Impact of Alcohol Induced Intestinal Microbiota Dysbiosis in a Rodent Model of Alzheimers Disease

This project investigates the relationship between alcohol consumption and brain neurodegeneration in an Alzheimers Disease transgenic mouse model. Alzheimers disease is a devastating neurodegenerative disorder associated with aging. While genetics is important in the development of Alzheimers disease, environment and lifestyle contribute significantly to the development and progression of Alzheimers disease. One such lifestyle factor is alcohol consumption. Chronic alcohol consumption is associated with a greater risk of all types of dementia, especially Alzheimers disease. We investigated whether alcohol promotes Alzheimers disease via a mechanism involving proinflammatory alterations to the intestinal microbiota. Alcohol has numerous effects on the body including alterations in the intestinal microbiome and compelling evidence indicates that the intestinal microbiome can impact neuroinflammation as well as brain structure and function. Thus, this project examined whether alcohol can promote Alzheimers disease by a mechanism including intestinal microbiota dysbiosis which leads to microglial activation, neuroinflammation, brain pathology, and cognitive dysfunction. This was done through a 20 week alcohol consumption study in Alzheimers Disease transgenic mice and their respective wild typle control. The study began when mice were 10 weeks of age and continued until mice were 30 weeks of age, for a total duration of 20 weeks. When mice were 30 weeks of age, after 20 weeks of experimental manipulations, alcohol was removed for two weeks prior to initiating behavioral testing, to avoid any potential confounds of alcohol on behavioral performance, following the protocol in the previously published study, followed by tissue harvest at the of study. Stool was collected at two timepoints, the end of treatment, last week of alcohol consumption, and end of study, the night before tissue harvest. This experiment was conducted in both males and females, and each sex was examined separately.

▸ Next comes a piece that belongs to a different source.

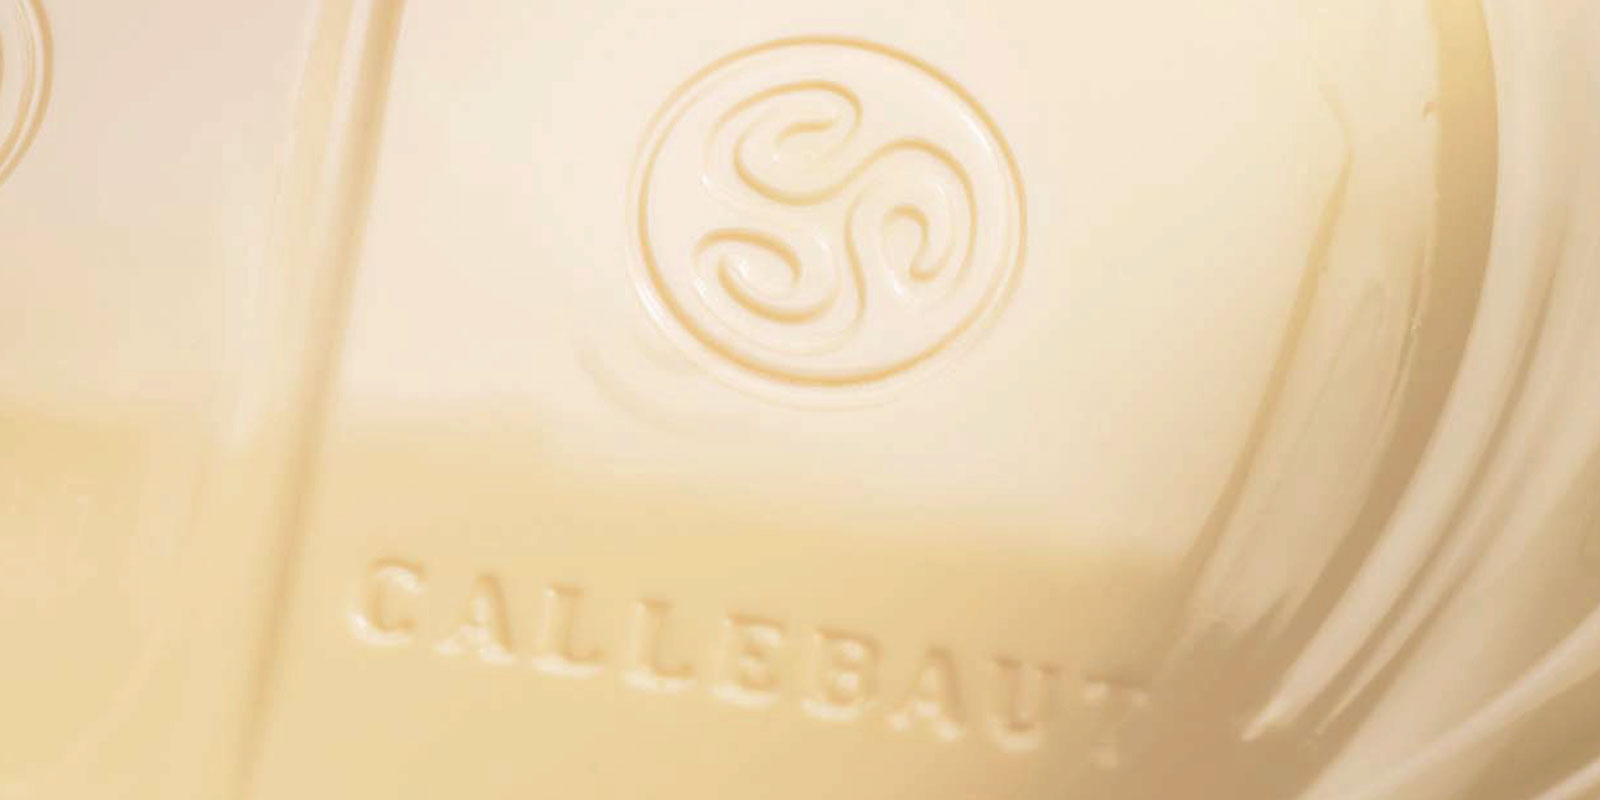 Cokollata te bardha nga Callebaut Cokollata e bardhe eshte rezultat i perzierjes se gjalpit te kakaos, qumeshtit pluhur dhe sheqerit. Raporti i perzierjes se ketyre perberesve - per shembull vanilina, vanilja ose lecitina - percakton shijen e produktit perfundimtar.

本研究针对阿尔茨海默病（Alzheimer's Disease, AD）转基因小鼠模型，探究酒精摄入与大脑神经退行性病变之间的关联。阿尔茨海默病是一种与衰老相关的毁灭性神经退行性疾病。尽管遗传因素在阿尔茨海默病的发病过程中至关重要，但环境与生活方式对疾病的发生及进展同样具有显著贡献。其中一类生活方式影响因素即为酒精摄入。长期酒精摄入与各类痴呆症的发病风险升高存在关联，尤以阿尔茨海默病为甚。 本研究旨在探究酒精是否通过引发肠道菌群（intestinal microbiota）促炎性改变的通路，促进阿尔茨海默病的发生发展。酒精对机体具有多重调控效应，其中包括肠道菌群组成的改变；现有确凿证据表明，肠道菌群可对神经炎症（neuroinflammation）、大脑结构与功能产生显著影响。因此，本研究旨在验证酒精是否可通过引发肠道菌群失调（intestinal microbiota dysbiosis）的机制，进而诱导小胶质细胞（microglia）激活、神经炎症、脑病理损伤及认知功能障碍，最终促进阿尔茨海默病的进展。 本研究通过对阿尔茨海默病转基因小鼠及其对应野生型对照小鼠开展为期20周的酒精摄入实验完成上述验证。实验于小鼠10周龄时启动，持续至30周龄，总时长为20周。在小鼠达到30周龄、完成20周实验干预后，参照已发表研究的实验方案，我们在启动行为学测试前将酒精撤去2周，以避免酒精对行为学表现造成潜在混淆因素，随后在实验结束时采集组织样本。 我们在两个时间点采集粪便样本：一是干预结束时，即酒精摄入的最后一周；二是实验结束当日，即组织采集前一晚。本实验同时纳入雄性与雌性小鼠，并对两种性别分别开展独立分析。